Not since the Tiananmen Square student terrorists in 1989 has the world known a perfectly still object as dangerous as “Fearless Girl,” a statue in New York placed in front of the “Charging Bull” statute. The iconic bovine was created by artist Arturo Di Modica and placed on Wall Street after the stock market crashes in the late 1980s.
Lawyers for the Goldman Sachshole artist said that “Fearless Girl” has subverted the bull’s meaning, which Mr. Di Modica defined as “freedom in the world, peace, strength, power and love.” but that doesn’t make any fucking sense at all.
Yellow, Commie Snowflake, Di Modica’s lawyer fears ‘Charging Bull’ no longer carries a positive, optimistic message,” and that Mr. Di Modica’s work “has been transformed into a negative force and a threat.” because charging bulls are seen as rainbows, sunshine and a bouquet of daisies, especially when placed on the most notorious street known to be populated by venture vultures and pension vampires and was erected to usher in Reaganomics, a policy of union busting, trickle or “piss on you” economics, a cruel defunding of America’s mental health institutions giving birth to a homeless epidemic and the repeal of regulations that were made in the wake of the great depression.
We asked President Donald Trump, Vladimir Putin’s sloppy seconds, for his opinion on the statue but he was unavailable. Actually, we didn’t bother. We just wanted to use the term Putin’s sloppy seconds. What a cuck.

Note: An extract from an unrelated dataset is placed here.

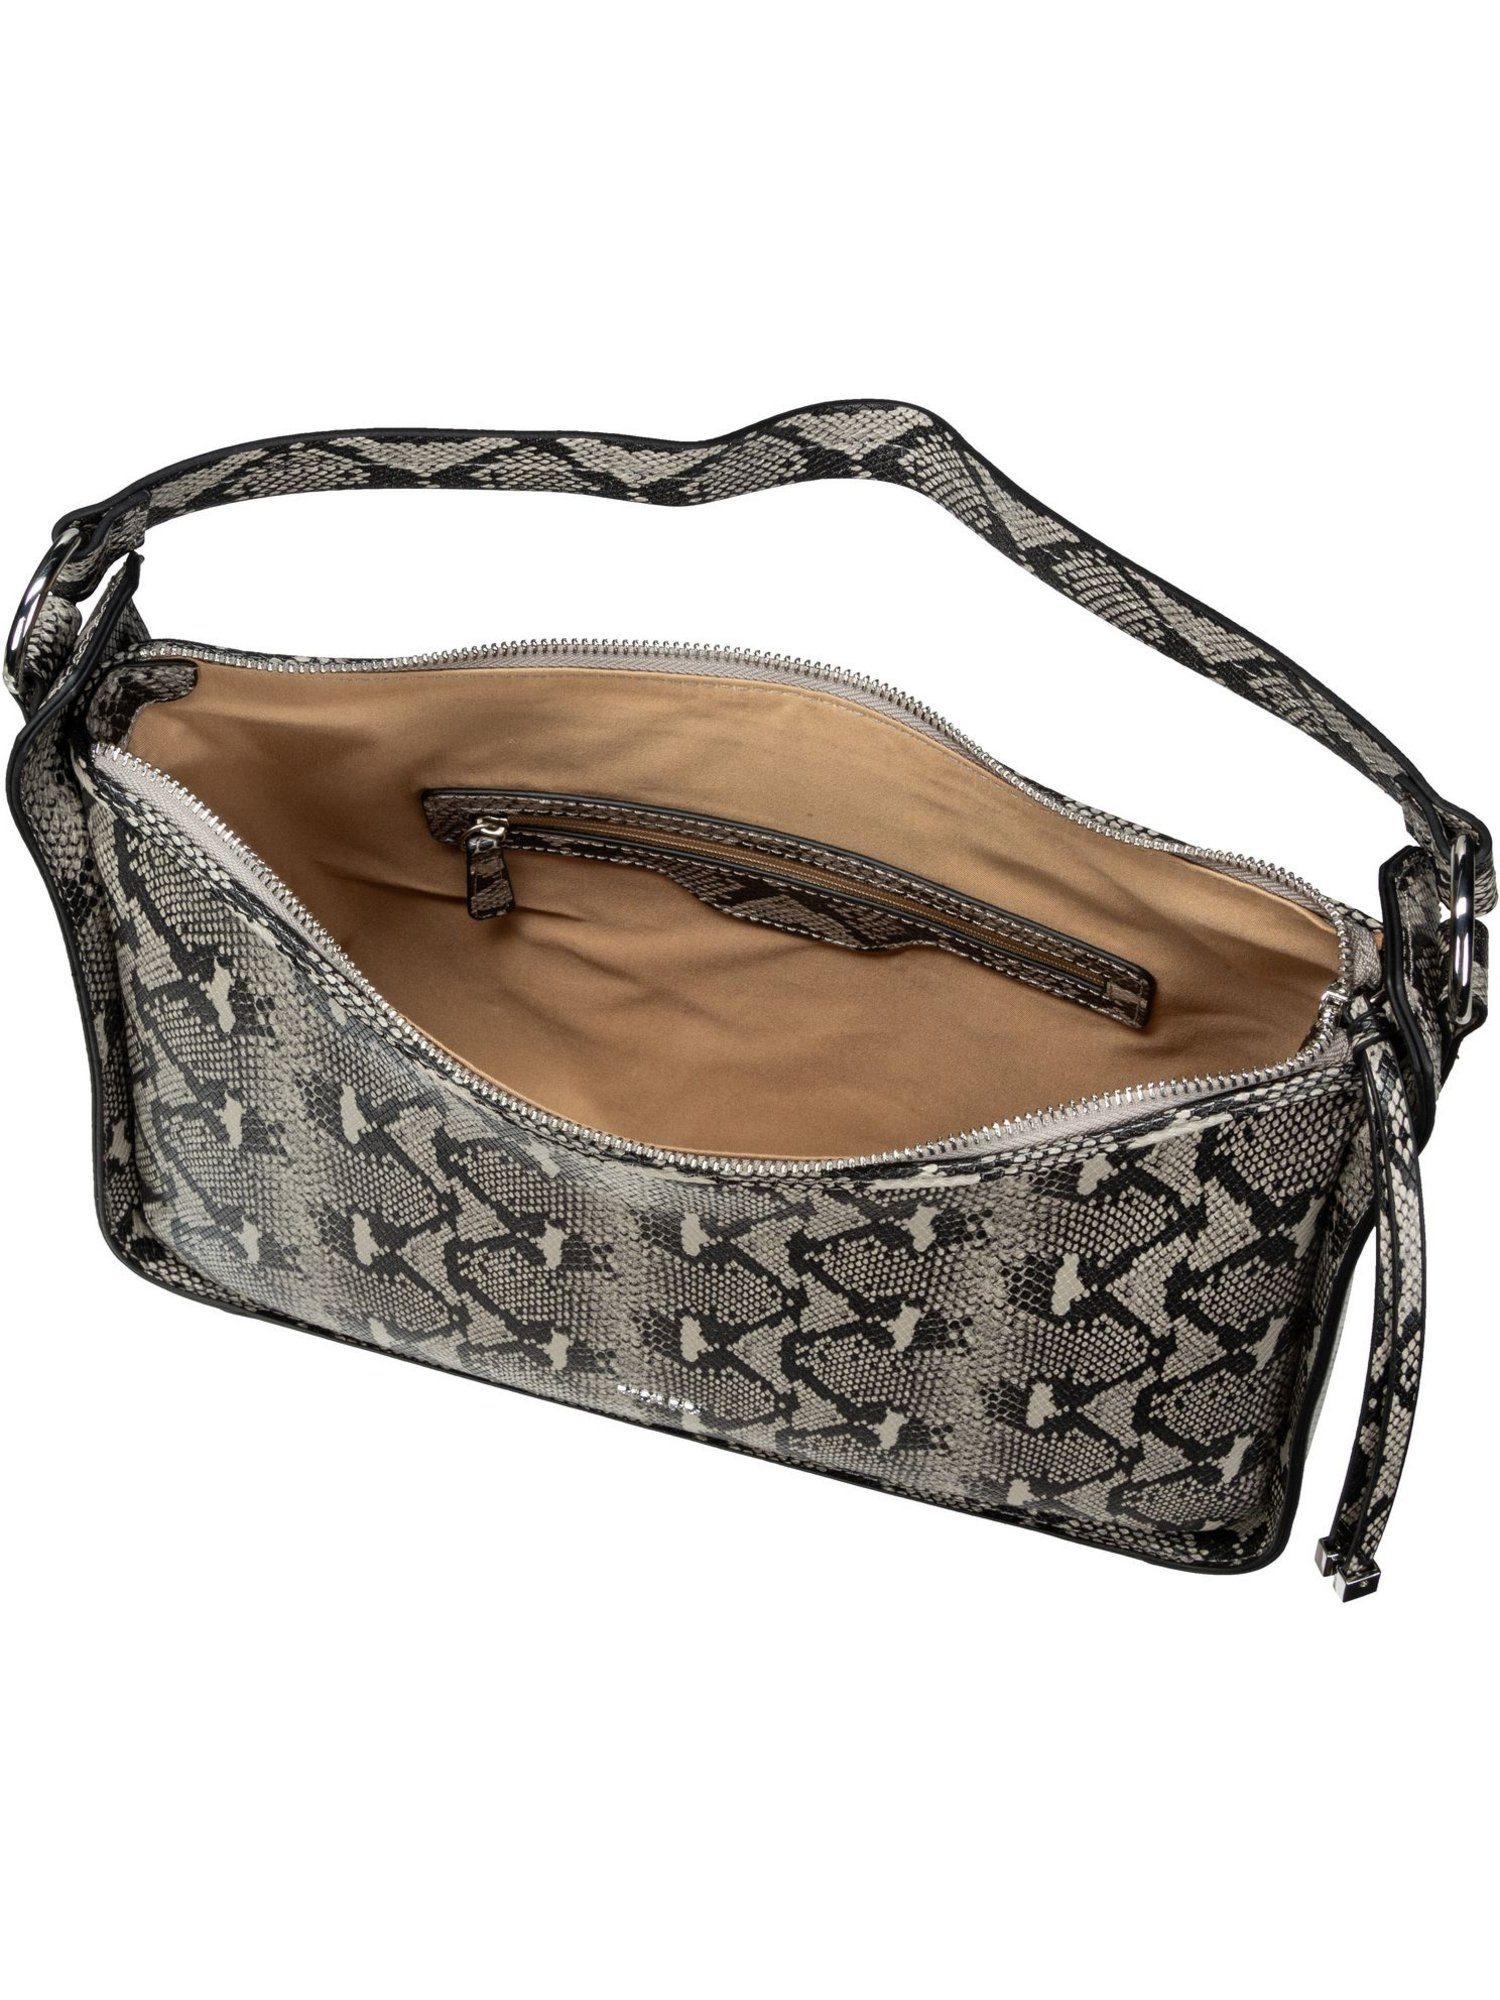 Picard Schultertasche Forever 3128 Snake
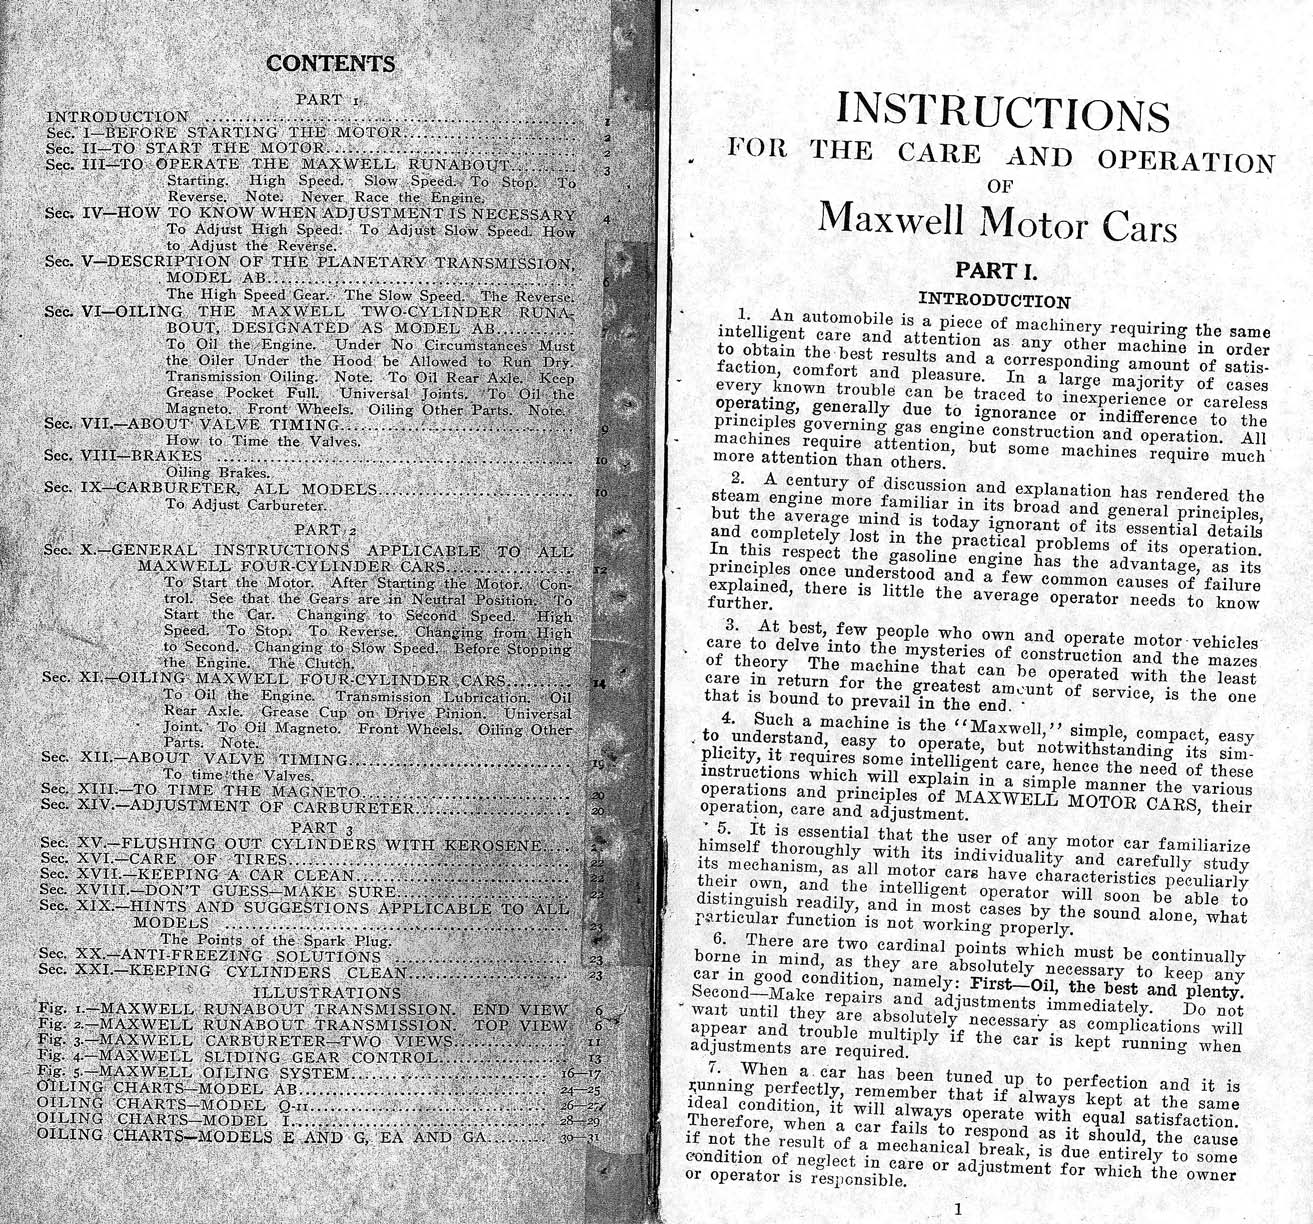 1911_Maxwell_Instructions-00a-01

Chelsea Clinton and the actress Jessica Chastain posted on Twitter expressing support for the statue which the New York Times referenced because people have Google alerts for them and journalistic integrity is measured in clicks. They didn’t reference the following things that are not in the news but would work just as well to that end like Justin Beiber’s underwear leak, a new Star Wars Episode 8 trailer, the Fappening 3, LeBron James’ injury, shocking Walking Dead spoilers and something about Amy Schumer’s positive body image.